Input ::

━━━

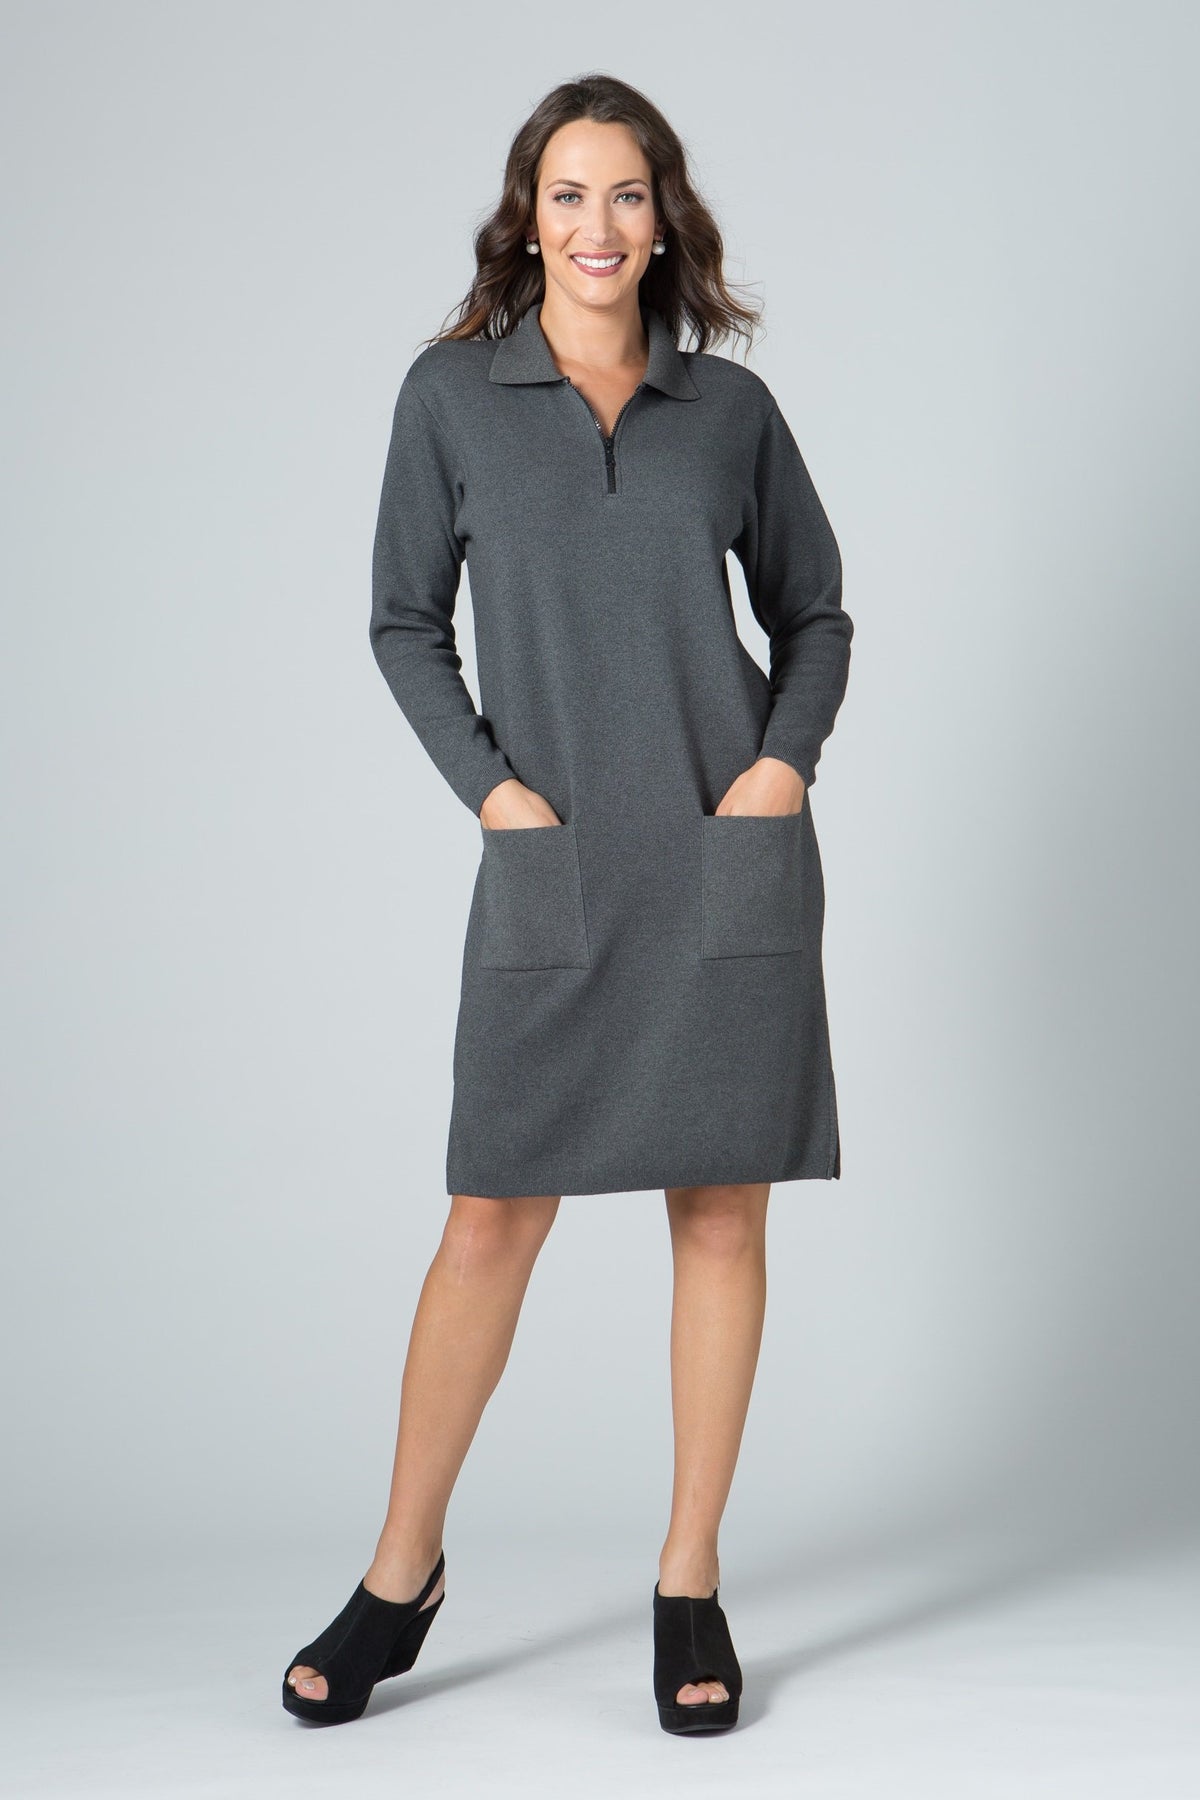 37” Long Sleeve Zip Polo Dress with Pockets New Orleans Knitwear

━━━

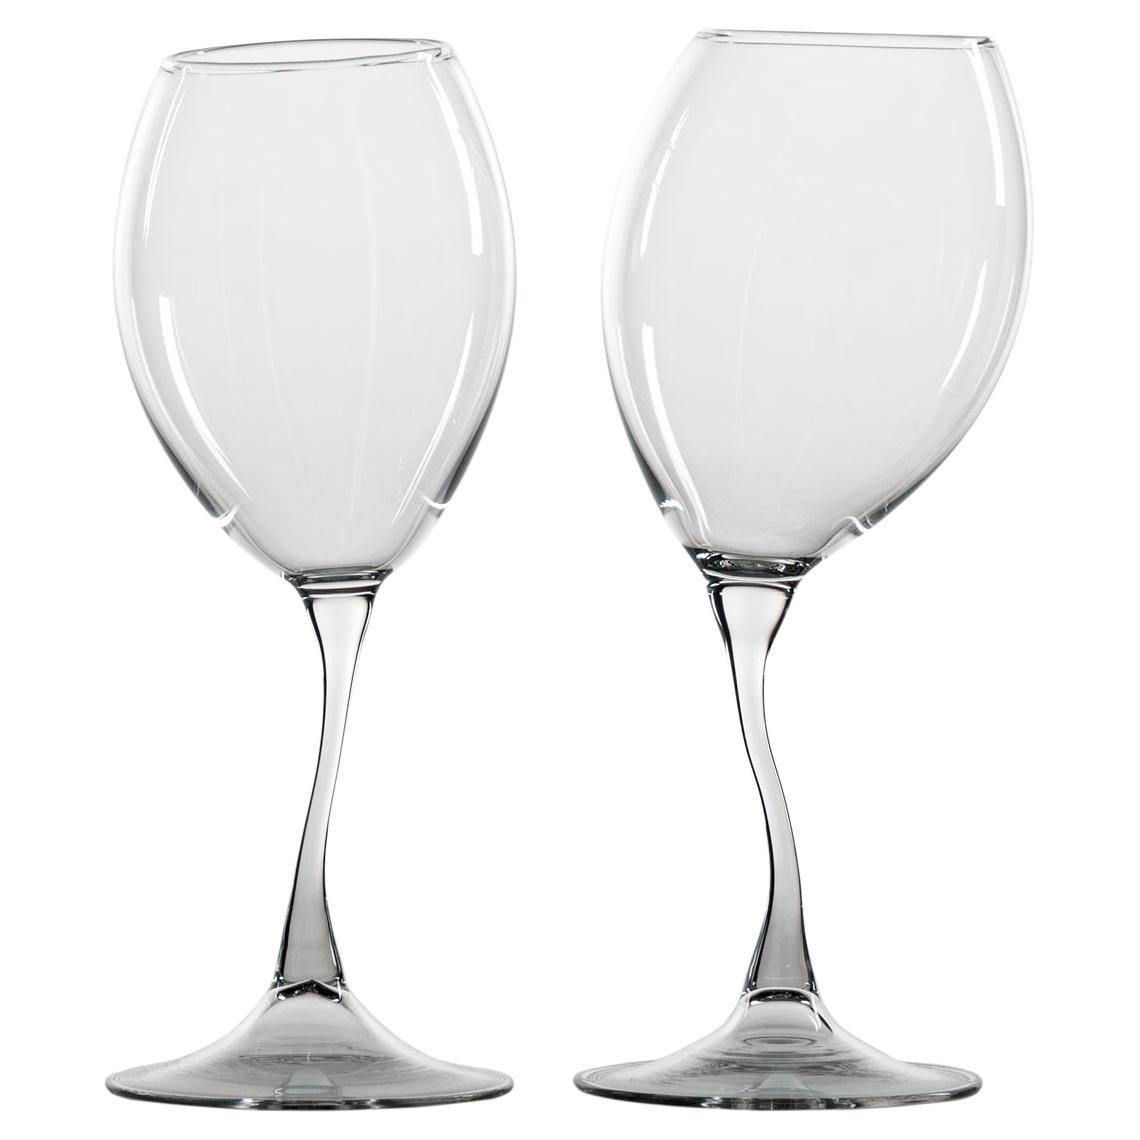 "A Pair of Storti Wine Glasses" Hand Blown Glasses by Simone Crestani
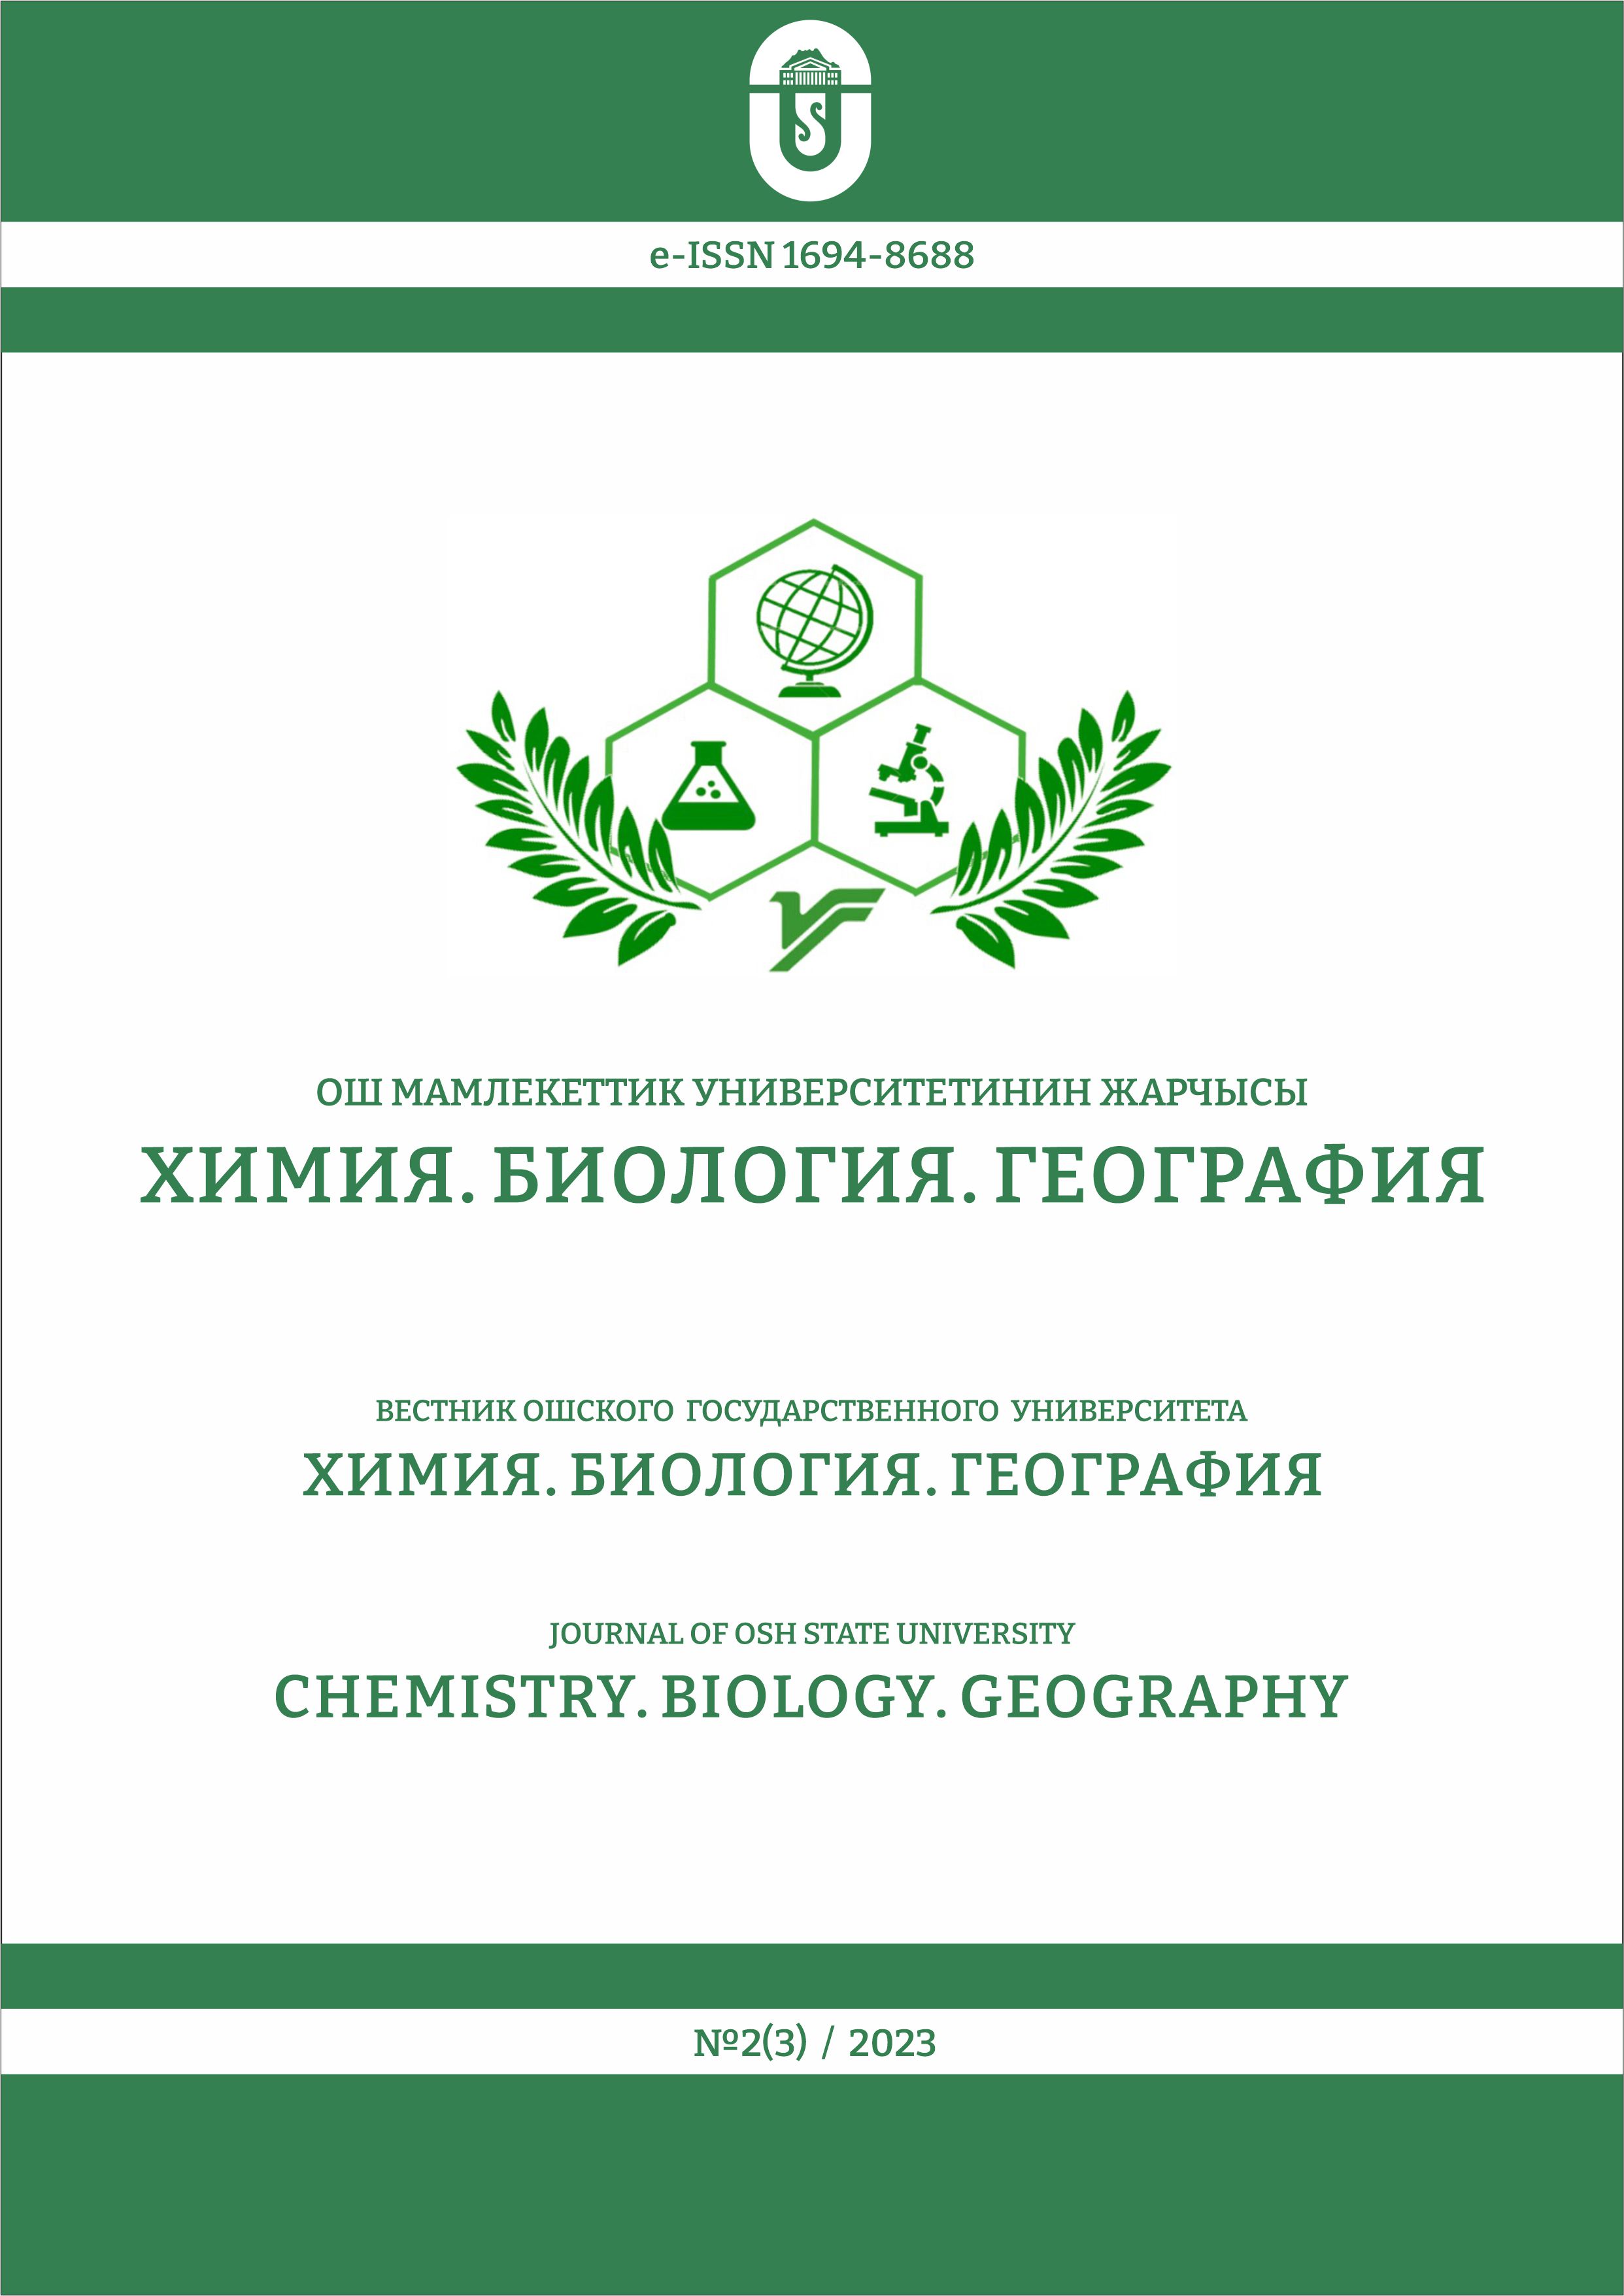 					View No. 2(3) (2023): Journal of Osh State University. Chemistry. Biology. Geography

━━━

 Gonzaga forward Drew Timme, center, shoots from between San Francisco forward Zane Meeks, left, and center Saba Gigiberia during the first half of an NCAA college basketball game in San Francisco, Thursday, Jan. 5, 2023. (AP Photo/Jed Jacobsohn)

━━━

Work instructions ::
Since the pictures are not part of the copy, please transcribe only the lines above from the one with "by Simone Crestani" through the one with "View No. 2(3)", exactly and with both ends.

Solution to this exercise ::
 "A Pair of Storti Wine Glasses" Hand Blown Glasses by Simone Crestani
 					View No. 2(3) (2023): Journal of Osh State University. Chemistry. Biology. Geography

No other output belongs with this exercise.